In particular one of their issues is that there is no way they have at
present to tell whether a list a customer gives them is genuinely 'opt-in'
or not.

Sure there is. Make the provider sign a contract stating that the list is genuinely a list of people who have opted in to receive e-mail from the appropriate organization(s). If they turn out to have lied, it's fraud and breach of contract, and you sue them for damages to your business reputation. After you win a few hundred thousand dollars a couple of times, end of problem--nobody's going to risk those kinds of damages to sell you a $1,000 database of e-mail addresses. That's how legitimate businesses do it.

No, that isn't how they do it. Court suits are a last resort. When you've got a customer paying you a couple $100/month to run a list, you aren't going to be able to get that kind of damages. Certainly not enough to cover your court costs. If it were that easy, ISPs would do it when their customers spam. They don't. They don't even do the "We'll charge your credit card $500 if you spam" thing. Why? Because the customer simply disputes the charge, and then you're off to court to try and get $500. You can't win that game.

Furthermore, we're dealing with a market in which there is heavy churn (people get ISP accounts that someone else already had) and heavy forgery on the part of the recipients (Want that free coupon, but don't want to pay with your email address? Make up one!). We've seen stats that as many as a third of the people entering email addresses in subscription forms are lying. Never mind that there are people who search out spamtrap addresses and deliberately subscribe them to lists they don't like. Somewhere.com didn't bounce ten million messages last year because bulkmailers lie. We bounced them because people like you and I lied to bulkmailers.
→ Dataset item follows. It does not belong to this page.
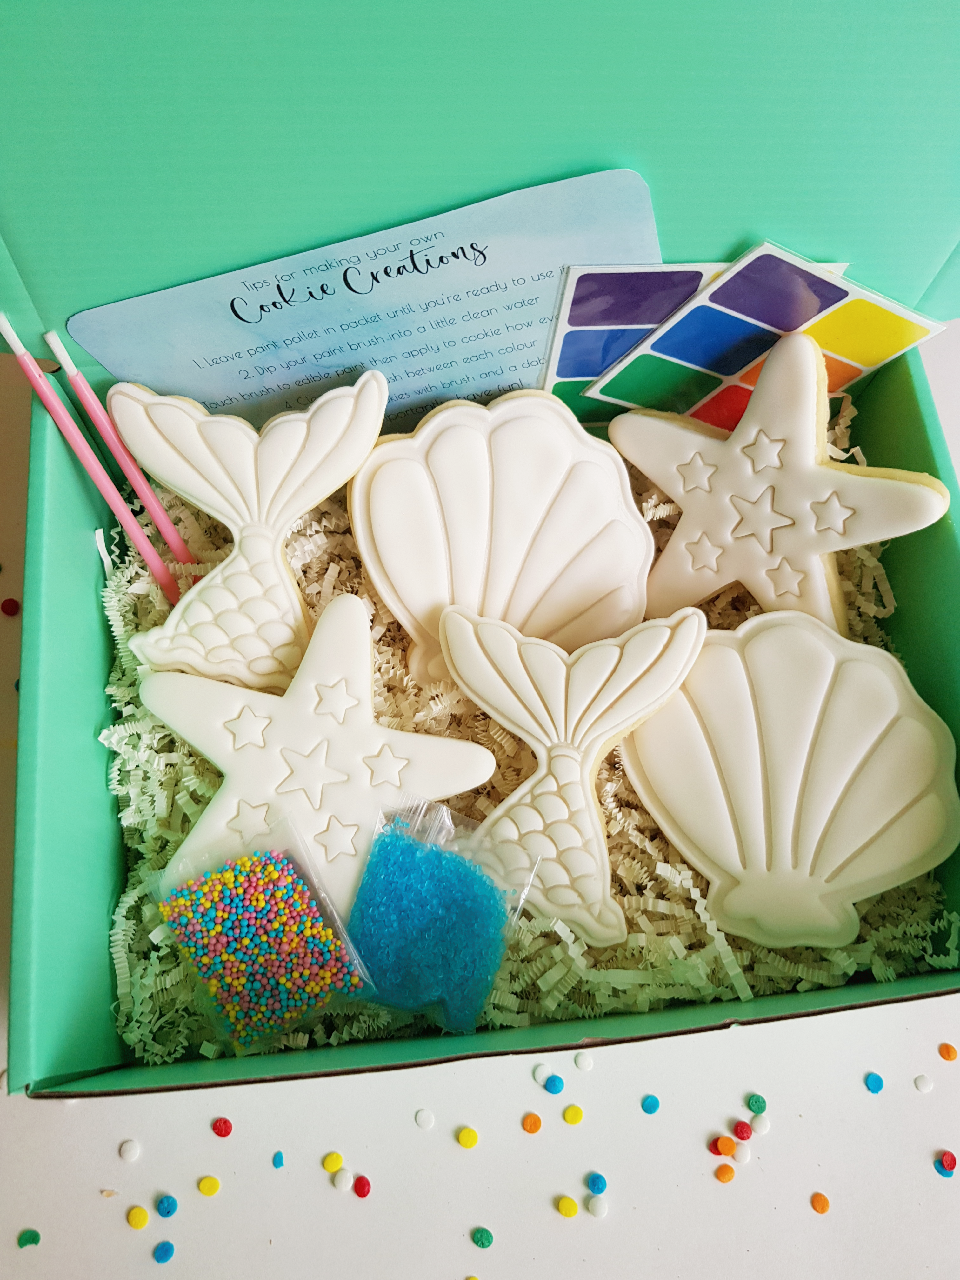 Paint Your Own Cookies Kits

In that market, how do you prove that the list owner is at fault? About all you have to go on is whether or not there is a pattern of misbehavior.

What we need in this system is some way of restoring trust. Trust by a recipient that they can safely unsubscribe. Trust by a bulkmailer that the list owner has followed best practices. Trust by the list owner that the recipients haven't lied. There's a circle there, and it's broken.
--
Kee Hinckley
http://www.messagefire.com/          Junk-Free Email Filtering
http://commons.somewhere.com/buzz/   Writings on Technology and Society

I'm not sure which upsets me more: that people are so unwilling to accept
responsibility for their own actions, or that they are so eager to regulate
everyone else's.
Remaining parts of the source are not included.